Californication

Juan Manuel Asai

El esquema vigente de combate a las drogas a nivel internacional es letal para México. Nuestro país pone los muertos, miles de ellos, rasga su tejido social, lacera las instituciones y corrompe hasta lo indecible a autoridades civiles, militares y sus socios en la iniciativa privada.

Además, el consumo de drogas entre nuestros jóvenes se ha disparado de manera exponencial. A su vez, el narcomenudeo creó una masa delincuencial que se dedica a amplia variedad de actividades criminales como el robo, la extorsión o el secuestro. En síntesis, el peor de los mundos posibles.

Pero las cosas siempre se pueden poder peor. Resulta que a partir de este año comenzó en el estado norteamericano de California la venta legal de mariguana recreativa. Lo que nos obliga, como país, a replantear de manera profunda la política nacional contra las drogas, comenzando precisamente con la mota.

La decisión de California cambia de manera drástica las reglas del juego. Es insensato, casi demencial, que autoridades mexicanas y norteamericanas, a través de la DEA y otras agencias, combatan aquí la producción, tráfico y consumo de la cannabis, mientras que del otro lado de la frontera, literalmente a unos pasos, es legal fumar por esparcimiento.

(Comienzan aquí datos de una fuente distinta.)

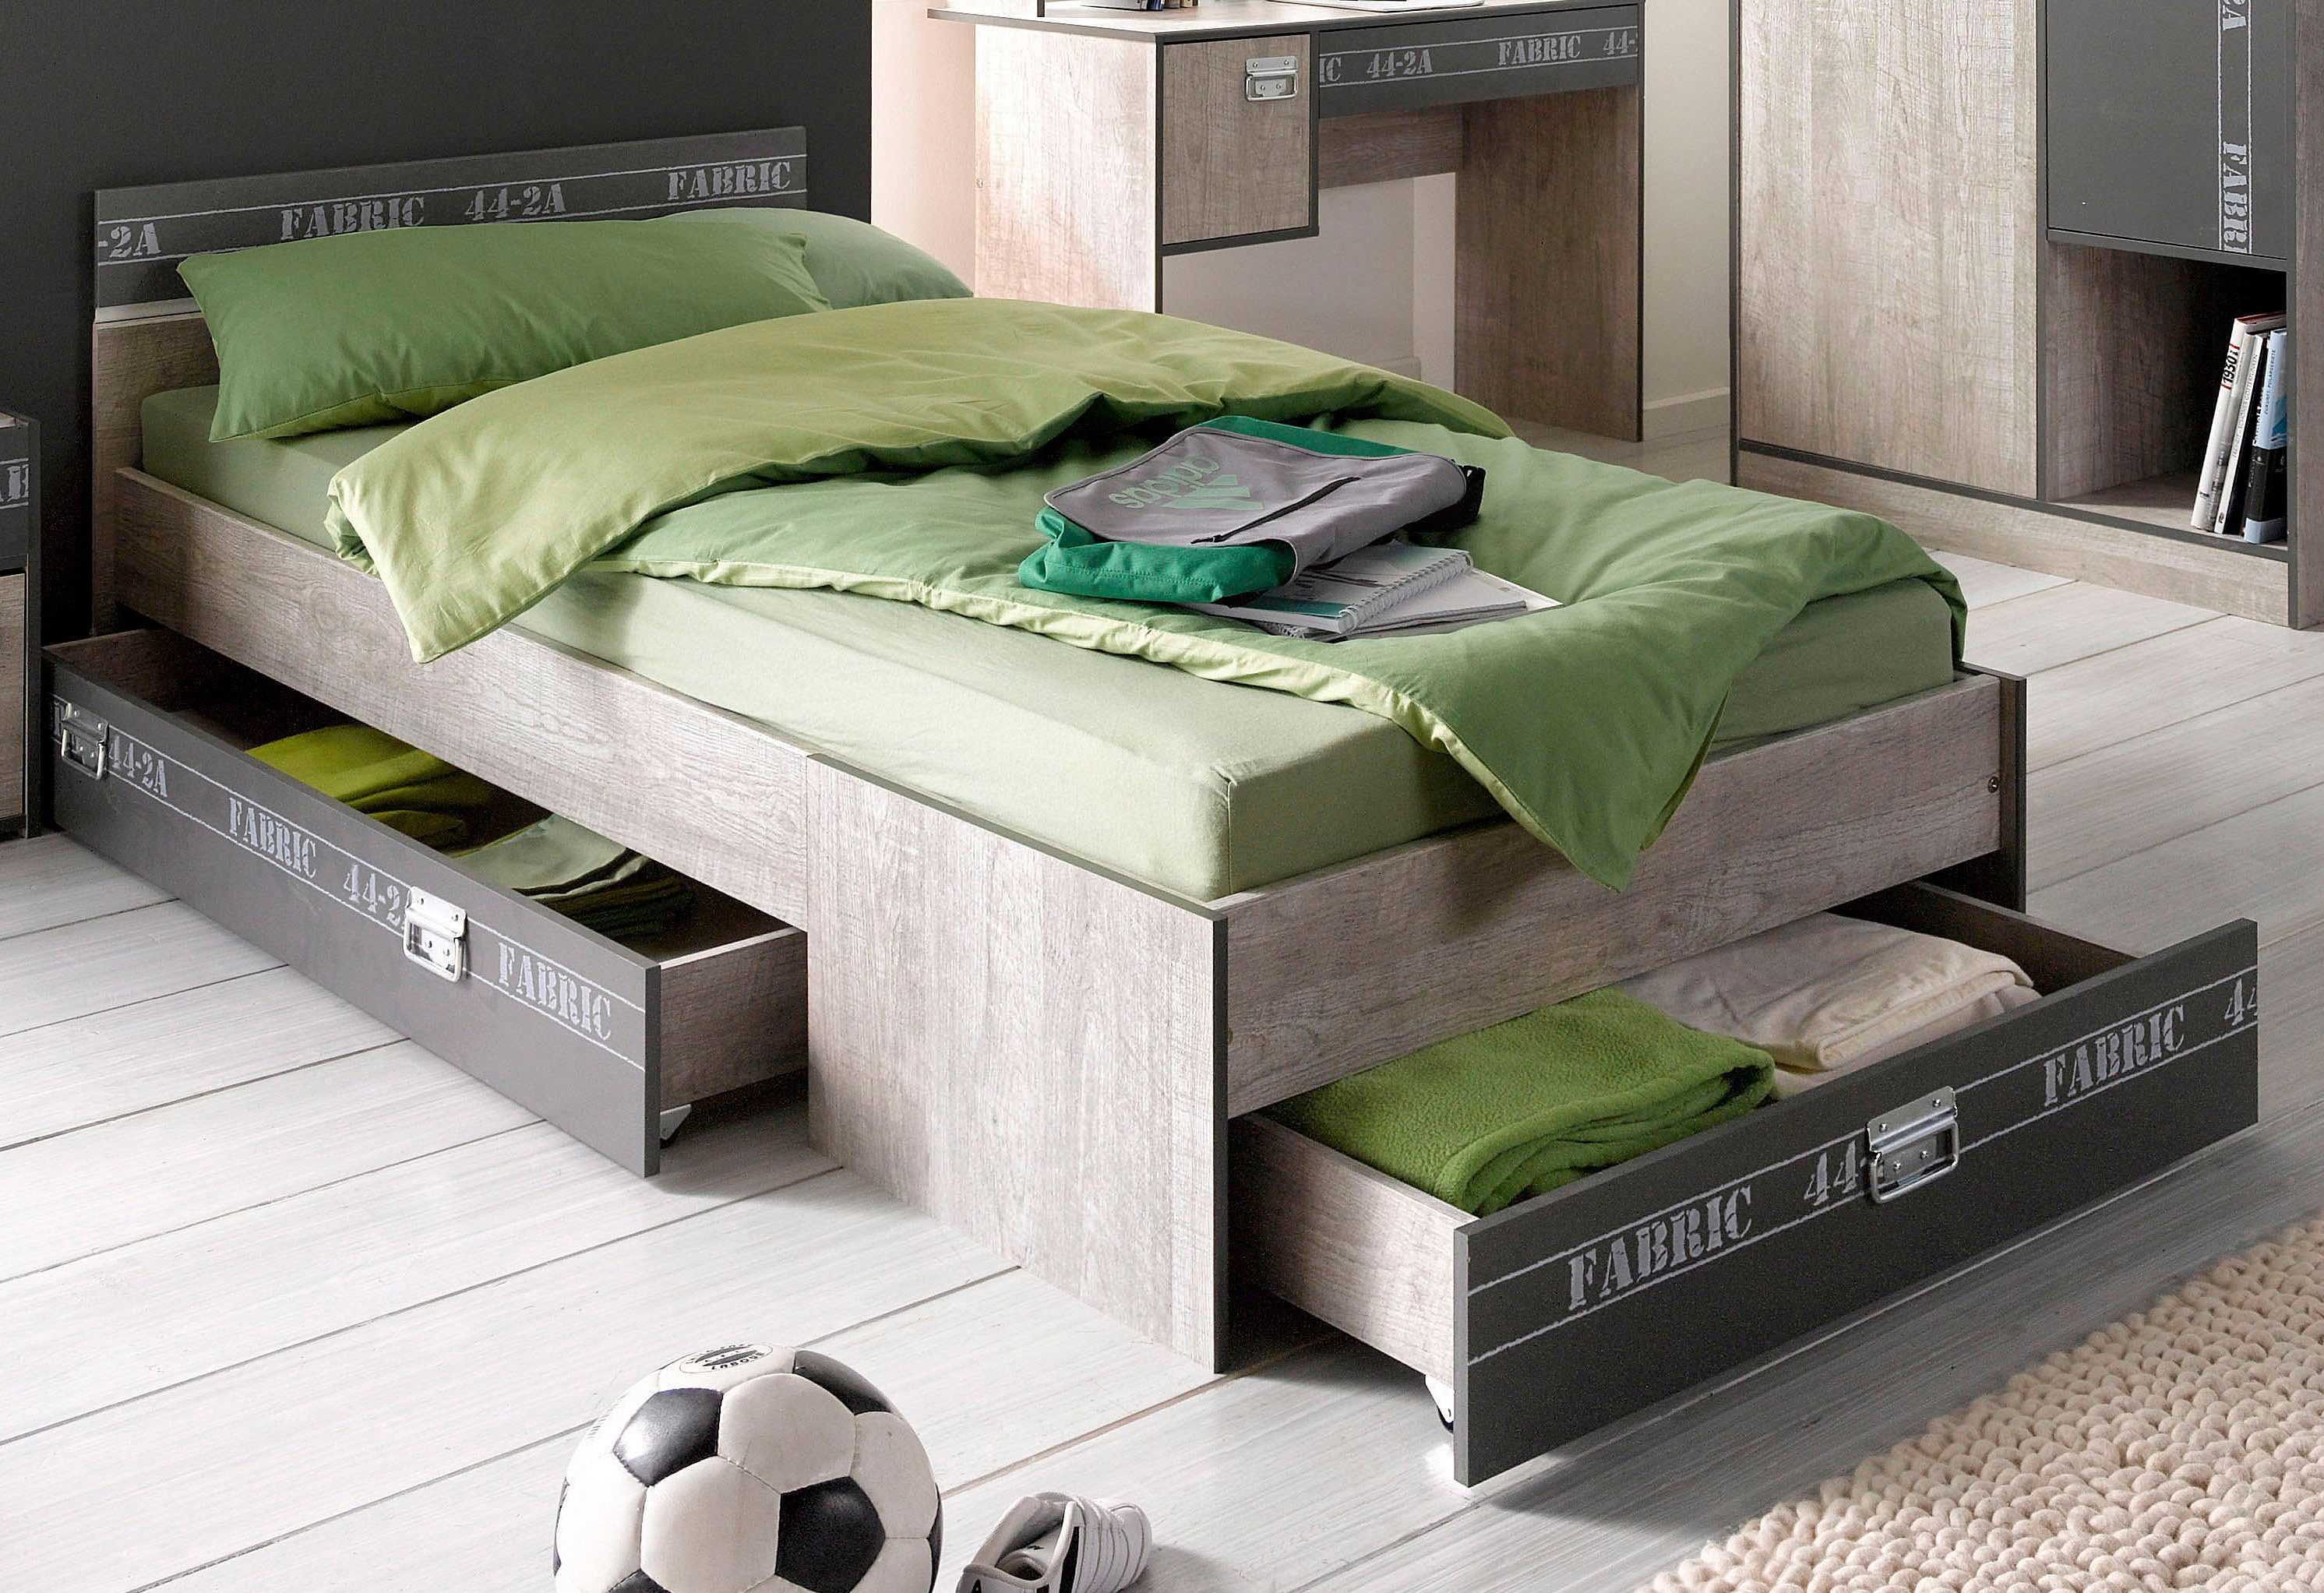 Parisot Jugendbett "Fabric", Einzelbett inkl. 1 Schubkasten am Fußteil, ohne Lattenrost, Matratze

México tiene la obligación moral, patriótica, o si no quieren recurrir a esas palabras tan densas, la de mínimo sentido común, de romper ese esquema internacional. Se mantiene porque reparte dinero a carretadas entre grupos de la élite, mientras que la gente común y corriente paga las consecuencias. Lo primero es que todos tengamos conciencia de que el gobierno de Estados Unidos, o de manera más amplia, el establishment gringo, no combate al narcotráfico. Lo controla, desde los tiempos de la guerra de Vietnam, para cumplir objetivos geopolíticos. El primero de estos objetivos es dominar, con una correa corta, a los gobiernos y los ejércitos de diversos países, sobre todo los de América Latina. Me hago cargo de suena fuerte, lo es, pero corresponde de manera rigurosa a la verdad.

Hay que cambiar de estrategia, minimizar en lo posible el factor de la violencia, pero sin llegar al extremo disparatado de la amnistía que entronaría a la impunidad. ¿Qué se puede hacer? La respuesta es cambiar los pelotones de soldados por los contingentes de contadores públicos. Es sencillo, pero se requiere una sobredosis de voluntad política, pues atacar el dinero de los narcos supone desmontar la red de protección política y empresarial del negocio de la droga.

No es posible que en Tijuana o Mexicali sea un delito traficar mariguana y que miles de personas estén en la cárcel o en el panteón por eso, mientras que del otro lado de la frontera, en San Diego por ejemplo, estén en su viaje mágico y misterioso desde el primer día del año.